**Available data:**
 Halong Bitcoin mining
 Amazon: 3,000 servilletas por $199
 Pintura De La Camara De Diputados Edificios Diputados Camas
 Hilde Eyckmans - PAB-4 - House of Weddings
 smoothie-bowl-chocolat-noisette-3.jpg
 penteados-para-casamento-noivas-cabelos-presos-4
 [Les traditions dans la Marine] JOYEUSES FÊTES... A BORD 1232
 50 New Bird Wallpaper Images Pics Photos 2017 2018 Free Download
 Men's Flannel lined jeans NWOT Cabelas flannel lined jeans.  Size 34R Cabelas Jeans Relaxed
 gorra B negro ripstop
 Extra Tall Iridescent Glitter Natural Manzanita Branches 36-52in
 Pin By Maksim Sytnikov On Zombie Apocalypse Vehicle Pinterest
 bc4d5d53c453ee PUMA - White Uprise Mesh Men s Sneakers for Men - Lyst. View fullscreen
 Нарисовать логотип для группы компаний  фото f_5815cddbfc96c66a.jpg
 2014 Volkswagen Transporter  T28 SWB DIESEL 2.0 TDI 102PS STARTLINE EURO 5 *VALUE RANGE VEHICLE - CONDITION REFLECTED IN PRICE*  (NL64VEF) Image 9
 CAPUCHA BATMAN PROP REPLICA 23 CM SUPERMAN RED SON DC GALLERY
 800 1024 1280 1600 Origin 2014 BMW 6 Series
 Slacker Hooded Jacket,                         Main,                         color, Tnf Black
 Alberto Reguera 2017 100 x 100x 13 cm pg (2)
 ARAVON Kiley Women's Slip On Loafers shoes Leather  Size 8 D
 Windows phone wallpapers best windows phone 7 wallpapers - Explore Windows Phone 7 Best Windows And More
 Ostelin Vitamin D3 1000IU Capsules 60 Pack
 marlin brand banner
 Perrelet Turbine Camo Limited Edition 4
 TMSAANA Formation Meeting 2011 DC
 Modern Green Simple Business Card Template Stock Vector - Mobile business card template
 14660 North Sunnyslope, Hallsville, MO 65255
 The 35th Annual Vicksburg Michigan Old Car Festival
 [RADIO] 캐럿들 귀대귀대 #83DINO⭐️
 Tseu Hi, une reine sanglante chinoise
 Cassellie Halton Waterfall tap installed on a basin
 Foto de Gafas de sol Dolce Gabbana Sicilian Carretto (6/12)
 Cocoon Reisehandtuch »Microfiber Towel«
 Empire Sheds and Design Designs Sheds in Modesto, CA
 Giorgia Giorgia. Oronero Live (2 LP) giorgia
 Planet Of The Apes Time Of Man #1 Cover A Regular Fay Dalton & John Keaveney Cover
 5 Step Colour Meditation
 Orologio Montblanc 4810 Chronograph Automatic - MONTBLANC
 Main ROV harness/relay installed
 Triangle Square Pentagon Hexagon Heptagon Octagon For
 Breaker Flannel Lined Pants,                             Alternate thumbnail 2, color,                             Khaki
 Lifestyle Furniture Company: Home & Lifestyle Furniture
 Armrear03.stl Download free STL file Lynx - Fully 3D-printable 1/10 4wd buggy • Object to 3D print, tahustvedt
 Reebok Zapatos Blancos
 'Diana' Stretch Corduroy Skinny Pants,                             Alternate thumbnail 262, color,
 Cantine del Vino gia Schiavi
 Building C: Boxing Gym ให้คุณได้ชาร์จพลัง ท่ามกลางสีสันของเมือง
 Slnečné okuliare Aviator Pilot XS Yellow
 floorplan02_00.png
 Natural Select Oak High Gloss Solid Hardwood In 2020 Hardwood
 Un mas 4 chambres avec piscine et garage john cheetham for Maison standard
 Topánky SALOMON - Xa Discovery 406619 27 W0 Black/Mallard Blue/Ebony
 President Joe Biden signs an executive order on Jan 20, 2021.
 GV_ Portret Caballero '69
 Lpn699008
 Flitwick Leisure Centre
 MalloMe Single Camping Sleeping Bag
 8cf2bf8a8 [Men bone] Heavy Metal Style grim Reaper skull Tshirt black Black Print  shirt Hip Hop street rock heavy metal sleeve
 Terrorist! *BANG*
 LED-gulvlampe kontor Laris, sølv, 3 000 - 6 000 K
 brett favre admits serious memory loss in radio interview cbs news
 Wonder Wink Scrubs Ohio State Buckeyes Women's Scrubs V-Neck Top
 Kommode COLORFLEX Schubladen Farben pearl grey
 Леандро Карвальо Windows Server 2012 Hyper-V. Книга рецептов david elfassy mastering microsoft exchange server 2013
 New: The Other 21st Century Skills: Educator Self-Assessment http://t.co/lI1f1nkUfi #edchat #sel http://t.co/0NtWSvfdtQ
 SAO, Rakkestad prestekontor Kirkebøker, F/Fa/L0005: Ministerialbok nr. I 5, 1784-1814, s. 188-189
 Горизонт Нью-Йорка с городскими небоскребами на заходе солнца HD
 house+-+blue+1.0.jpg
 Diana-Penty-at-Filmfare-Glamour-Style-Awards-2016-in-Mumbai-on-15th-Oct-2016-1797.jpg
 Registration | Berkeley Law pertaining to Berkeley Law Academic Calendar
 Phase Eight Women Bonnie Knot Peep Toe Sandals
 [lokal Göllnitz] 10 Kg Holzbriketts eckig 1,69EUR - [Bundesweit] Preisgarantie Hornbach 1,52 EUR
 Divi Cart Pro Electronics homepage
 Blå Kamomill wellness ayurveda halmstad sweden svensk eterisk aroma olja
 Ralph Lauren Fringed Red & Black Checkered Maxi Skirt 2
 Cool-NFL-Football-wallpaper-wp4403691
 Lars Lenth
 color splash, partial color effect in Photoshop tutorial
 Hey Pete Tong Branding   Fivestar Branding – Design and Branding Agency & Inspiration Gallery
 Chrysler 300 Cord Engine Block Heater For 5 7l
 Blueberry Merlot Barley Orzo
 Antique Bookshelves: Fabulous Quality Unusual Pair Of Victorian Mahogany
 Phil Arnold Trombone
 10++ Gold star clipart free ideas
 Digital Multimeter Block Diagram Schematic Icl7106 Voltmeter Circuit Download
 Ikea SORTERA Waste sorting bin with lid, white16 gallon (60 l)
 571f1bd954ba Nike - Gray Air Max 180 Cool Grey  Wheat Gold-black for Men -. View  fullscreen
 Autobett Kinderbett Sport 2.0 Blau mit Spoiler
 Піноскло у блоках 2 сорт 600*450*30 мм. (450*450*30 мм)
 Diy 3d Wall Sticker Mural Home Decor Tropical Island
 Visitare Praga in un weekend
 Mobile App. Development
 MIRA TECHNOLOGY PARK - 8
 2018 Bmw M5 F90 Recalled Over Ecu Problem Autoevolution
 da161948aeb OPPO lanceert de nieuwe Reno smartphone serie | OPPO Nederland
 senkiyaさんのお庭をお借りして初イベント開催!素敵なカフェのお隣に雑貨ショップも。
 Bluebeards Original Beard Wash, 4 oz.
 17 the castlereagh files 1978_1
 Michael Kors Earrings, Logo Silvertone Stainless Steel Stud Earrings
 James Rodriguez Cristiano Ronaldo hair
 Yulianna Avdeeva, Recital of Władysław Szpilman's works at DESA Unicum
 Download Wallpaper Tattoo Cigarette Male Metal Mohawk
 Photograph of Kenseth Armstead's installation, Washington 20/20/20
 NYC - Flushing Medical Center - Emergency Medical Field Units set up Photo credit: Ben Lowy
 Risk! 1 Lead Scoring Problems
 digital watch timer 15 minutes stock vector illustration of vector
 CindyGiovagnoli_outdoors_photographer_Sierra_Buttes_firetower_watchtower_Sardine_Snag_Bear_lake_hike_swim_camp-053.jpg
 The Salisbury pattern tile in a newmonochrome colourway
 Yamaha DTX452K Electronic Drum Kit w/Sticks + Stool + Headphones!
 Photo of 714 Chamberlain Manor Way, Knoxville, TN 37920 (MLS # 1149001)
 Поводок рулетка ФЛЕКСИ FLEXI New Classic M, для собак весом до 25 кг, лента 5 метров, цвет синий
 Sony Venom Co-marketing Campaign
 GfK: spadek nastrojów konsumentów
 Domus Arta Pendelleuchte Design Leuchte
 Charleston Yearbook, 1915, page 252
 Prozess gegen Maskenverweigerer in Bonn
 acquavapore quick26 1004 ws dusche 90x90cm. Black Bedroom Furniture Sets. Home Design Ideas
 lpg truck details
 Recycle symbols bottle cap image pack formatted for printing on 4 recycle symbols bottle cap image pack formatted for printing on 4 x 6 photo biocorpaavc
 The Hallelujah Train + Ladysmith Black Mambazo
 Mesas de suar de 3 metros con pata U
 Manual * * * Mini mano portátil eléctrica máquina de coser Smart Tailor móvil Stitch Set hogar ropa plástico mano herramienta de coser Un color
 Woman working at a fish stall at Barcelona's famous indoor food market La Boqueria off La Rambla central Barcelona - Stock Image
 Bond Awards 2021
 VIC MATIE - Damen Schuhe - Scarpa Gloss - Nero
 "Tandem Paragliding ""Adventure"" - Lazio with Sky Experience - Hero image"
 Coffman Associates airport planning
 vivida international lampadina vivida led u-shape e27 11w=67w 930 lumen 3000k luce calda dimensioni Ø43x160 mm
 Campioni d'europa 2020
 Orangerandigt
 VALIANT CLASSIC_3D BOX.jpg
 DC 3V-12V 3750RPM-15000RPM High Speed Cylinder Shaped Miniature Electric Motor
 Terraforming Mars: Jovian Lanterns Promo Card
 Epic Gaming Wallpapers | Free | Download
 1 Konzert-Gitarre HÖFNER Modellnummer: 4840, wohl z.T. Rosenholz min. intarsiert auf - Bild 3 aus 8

**Exercise description:** Restate the records above verbatim up to and including the line containing "50 New Bird".

**Exercise result:**
 Halong Bitcoin mining
 Amazon: 3,000 servilletas por $199
 Pintura De La Camara De Diputados Edificios Diputados Camas
 Hilde Eyckmans - PAB-4 - House of Weddings
 smoothie-bowl-chocolat-noisette-3.jpg
 penteados-para-casamento-noivas-cabelos-presos-4
 [Les traditions dans la Marine] JOYEUSES FÊTES... A BORD 1232
 50 New Bird Wallpaper Images Pics Photos 2017 2018 Free Download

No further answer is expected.